Architecture¶
This page documents the current PMCGrab architecture as it exists in the
repository. It is intentionally factual: proposed improvements live in
docs/development/clean-code-final-plan.md.
Current Shape¶
graph TB
CLI[pmcgrab.cli.pmcgrab_cli] --> Processing[pmcgrab.application.processing]
Processing --> Builder[pmcgrab.application.paper_builder]
Processing --> Model[pmcgrab.model.Paper]
Builder --> Parser[pmcgrab.parser]
Parser --> Parsing[pmcgrab.application.parsing.*]
Parser --> Fetch[pmcgrab.fetch]
Fetch --> NCBI[NCBI Entrez / local XML]
Model --> Common[pmcgrab.common.*]
Parser --> Domain[pmcgrab.domain.value_objects]
PMCGrab has a modern package layout, but it is still partly transitional.
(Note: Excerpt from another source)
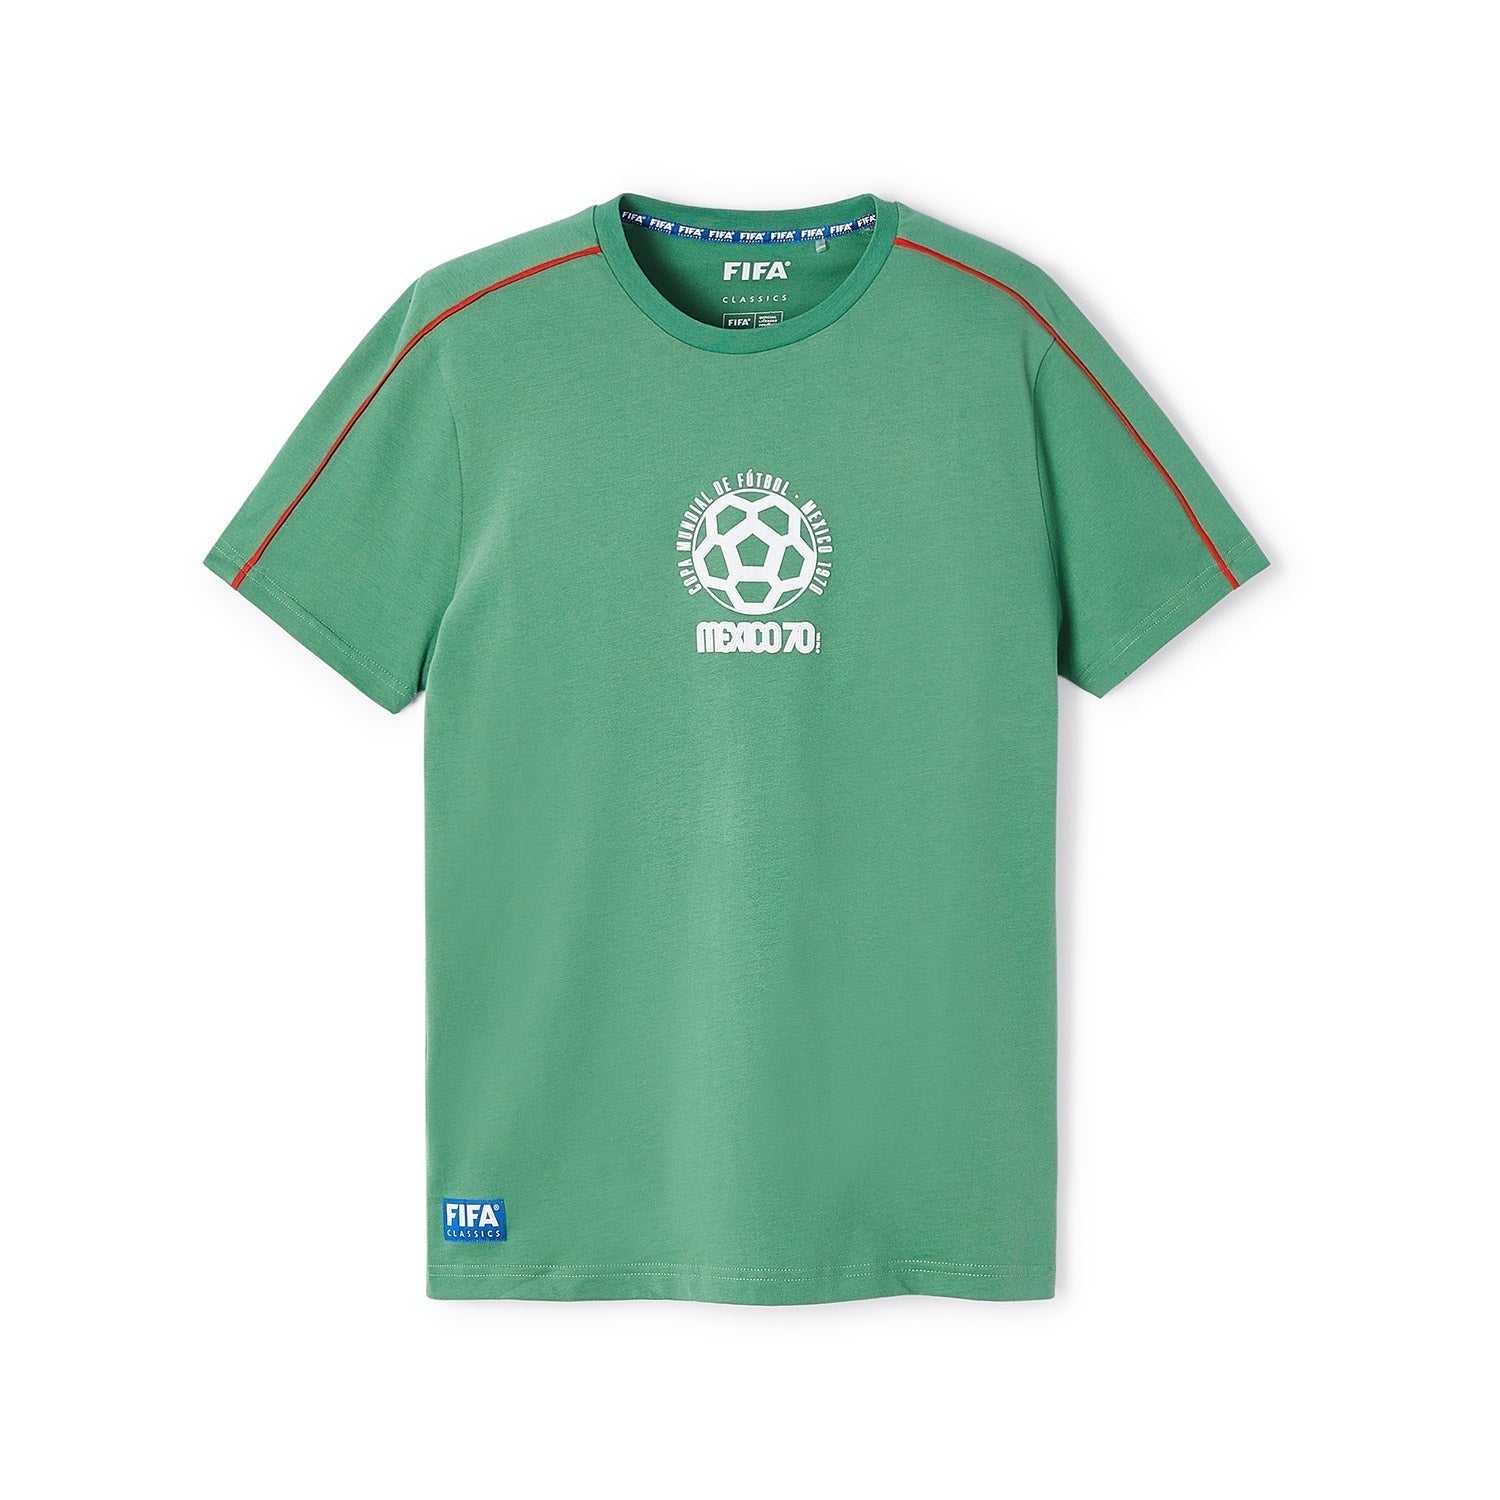 FIFA Rewind Mexico '70 - Emblem Text T-Shirt - Men's

Some
legacy top-level modules remain public for compatibility, while the primary
processing path now runs through pmcgrab.application.
Main Modules¶
| Module | Responsibility |
|---|---|
pmcgrab.__init__ |
Public package exports and version. |
pmcgrab.__main__ |
python -m pmcgrab entry point. |
pmcgrab.cli.pmcgrab_cli |
Argparse CLI, ID conversion, progress reporting, and file writing. |
pmcgrab.application.processing |
Pure processing helpers for network PMCID input and local XML input. |
pmcgrab.application.paper_builder |
Builds Paper objects from PMCID inputs. |
pmcgrab.parser |
Public parser facade and orchestration for XML-to-dictionary extraction. |
pmcgrab.application.parsing.* |
Focused metadata, contributor, content, and section extraction helpers. |
pmcgrab.model |
Paper, TextSection, TextParagraph, TextTable, and serialization helpers. |
pmcgrab.fetch |
Network XML retrieval and local XML parsing. |
pmcgrab.idconvert |
PMC/PMID/DOI normalization and NCBI ID conversion. |
pmcgrab.common.* |
Output schema ownership, serialization, HTML cleanup, and XML text helpers. |
pmcgrab.infrastructure.settings |
Environment-driven settings, email rotation, timeout and rate configuration. |
pmcgrab.bioc, oa_service, oai, litctxp |
Lightweight NCBI service clients. |
Data Flow¶
Network PMCID¶
sequenceDiagram
participant User
participant CLI
participant Processing
participant Builder
participant Parser
participant Fetch
participant Paper
User->>CLI: pmcgrab --pmcids 7181753
CLI->>Processing: process_single_pmc("7181753")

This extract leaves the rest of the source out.